### Required action:
Return only those lines of the listing in which "Deutschen" appears.

**** Data to use

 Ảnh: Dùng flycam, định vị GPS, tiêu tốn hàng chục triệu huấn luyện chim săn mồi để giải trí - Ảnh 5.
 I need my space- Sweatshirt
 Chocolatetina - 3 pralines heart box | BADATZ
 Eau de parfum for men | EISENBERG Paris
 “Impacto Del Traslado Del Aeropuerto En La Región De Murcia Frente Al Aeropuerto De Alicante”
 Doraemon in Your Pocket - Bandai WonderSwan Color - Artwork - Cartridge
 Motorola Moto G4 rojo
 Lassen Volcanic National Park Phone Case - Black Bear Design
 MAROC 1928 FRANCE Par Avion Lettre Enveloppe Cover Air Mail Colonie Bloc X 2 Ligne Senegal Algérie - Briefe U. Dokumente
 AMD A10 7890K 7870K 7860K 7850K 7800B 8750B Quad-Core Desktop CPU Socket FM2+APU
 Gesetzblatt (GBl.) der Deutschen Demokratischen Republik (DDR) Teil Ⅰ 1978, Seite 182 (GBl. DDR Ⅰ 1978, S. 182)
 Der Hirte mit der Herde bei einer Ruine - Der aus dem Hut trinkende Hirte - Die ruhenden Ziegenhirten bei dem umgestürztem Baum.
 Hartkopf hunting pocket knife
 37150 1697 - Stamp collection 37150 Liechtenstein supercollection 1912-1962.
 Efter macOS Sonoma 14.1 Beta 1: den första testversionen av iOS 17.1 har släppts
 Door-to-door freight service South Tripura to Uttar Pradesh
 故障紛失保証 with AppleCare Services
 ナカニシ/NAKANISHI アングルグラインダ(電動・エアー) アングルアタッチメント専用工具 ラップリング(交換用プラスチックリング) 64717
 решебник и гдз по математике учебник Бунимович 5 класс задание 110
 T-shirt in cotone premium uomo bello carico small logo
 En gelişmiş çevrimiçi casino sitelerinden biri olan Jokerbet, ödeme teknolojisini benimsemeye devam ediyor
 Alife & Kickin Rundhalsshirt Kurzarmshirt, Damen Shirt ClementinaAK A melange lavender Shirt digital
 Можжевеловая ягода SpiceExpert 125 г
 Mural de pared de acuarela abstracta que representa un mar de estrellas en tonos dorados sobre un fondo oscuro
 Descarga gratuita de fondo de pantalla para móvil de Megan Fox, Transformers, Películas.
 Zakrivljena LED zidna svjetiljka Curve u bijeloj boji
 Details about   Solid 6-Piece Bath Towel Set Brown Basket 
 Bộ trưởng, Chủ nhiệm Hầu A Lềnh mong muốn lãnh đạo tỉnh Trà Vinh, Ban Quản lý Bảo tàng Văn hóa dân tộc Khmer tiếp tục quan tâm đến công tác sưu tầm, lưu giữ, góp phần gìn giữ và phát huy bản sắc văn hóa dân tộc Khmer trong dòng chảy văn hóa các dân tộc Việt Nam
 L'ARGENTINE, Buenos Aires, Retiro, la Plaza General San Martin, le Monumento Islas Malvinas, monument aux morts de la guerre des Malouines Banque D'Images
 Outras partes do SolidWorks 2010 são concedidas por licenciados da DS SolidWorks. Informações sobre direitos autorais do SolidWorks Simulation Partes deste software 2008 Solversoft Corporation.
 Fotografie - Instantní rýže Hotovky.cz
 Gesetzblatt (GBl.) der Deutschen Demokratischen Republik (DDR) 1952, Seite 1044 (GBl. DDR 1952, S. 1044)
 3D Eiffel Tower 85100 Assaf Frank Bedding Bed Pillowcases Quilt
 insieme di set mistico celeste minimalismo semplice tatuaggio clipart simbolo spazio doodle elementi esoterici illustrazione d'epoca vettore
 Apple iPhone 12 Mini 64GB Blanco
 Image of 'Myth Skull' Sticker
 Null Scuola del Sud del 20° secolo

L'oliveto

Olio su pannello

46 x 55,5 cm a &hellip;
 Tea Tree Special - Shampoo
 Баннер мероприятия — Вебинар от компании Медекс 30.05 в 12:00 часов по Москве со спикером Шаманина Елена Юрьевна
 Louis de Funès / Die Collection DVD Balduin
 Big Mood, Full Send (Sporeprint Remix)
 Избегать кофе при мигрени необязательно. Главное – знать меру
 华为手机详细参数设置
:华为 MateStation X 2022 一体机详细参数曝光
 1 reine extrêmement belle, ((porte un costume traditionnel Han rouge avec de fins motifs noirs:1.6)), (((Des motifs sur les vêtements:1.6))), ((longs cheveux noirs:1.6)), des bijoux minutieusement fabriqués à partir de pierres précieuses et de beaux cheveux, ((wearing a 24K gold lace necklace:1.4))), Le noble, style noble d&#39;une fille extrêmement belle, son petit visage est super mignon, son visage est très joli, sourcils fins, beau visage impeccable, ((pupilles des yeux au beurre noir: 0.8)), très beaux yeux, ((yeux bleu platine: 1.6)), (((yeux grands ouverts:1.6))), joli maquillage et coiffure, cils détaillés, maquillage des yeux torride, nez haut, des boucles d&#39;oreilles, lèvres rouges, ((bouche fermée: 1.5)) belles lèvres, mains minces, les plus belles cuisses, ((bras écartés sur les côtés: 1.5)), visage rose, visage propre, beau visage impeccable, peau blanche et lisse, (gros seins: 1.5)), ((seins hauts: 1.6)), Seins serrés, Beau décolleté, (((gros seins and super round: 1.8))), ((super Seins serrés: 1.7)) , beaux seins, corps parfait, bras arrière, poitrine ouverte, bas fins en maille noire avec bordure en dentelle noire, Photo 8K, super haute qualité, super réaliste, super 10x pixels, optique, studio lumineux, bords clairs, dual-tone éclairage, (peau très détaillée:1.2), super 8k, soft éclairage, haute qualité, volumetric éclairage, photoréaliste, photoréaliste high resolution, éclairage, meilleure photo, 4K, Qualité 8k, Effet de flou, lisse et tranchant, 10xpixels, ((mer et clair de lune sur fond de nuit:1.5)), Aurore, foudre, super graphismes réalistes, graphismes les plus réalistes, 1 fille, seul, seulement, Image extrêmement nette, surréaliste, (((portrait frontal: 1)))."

********

### Answer area:
 Gesetzblatt (GBl.) der Deutschen Demokratischen Republik (DDR) Teil Ⅰ 1978, Seite 182 (GBl. DDR Ⅰ 1978, S. 182)
 Gesetzblatt (GBl.) der Deutschen Demokratischen Republik (DDR) 1952, Seite 1044 (GBl. DDR 1952, S. 1044)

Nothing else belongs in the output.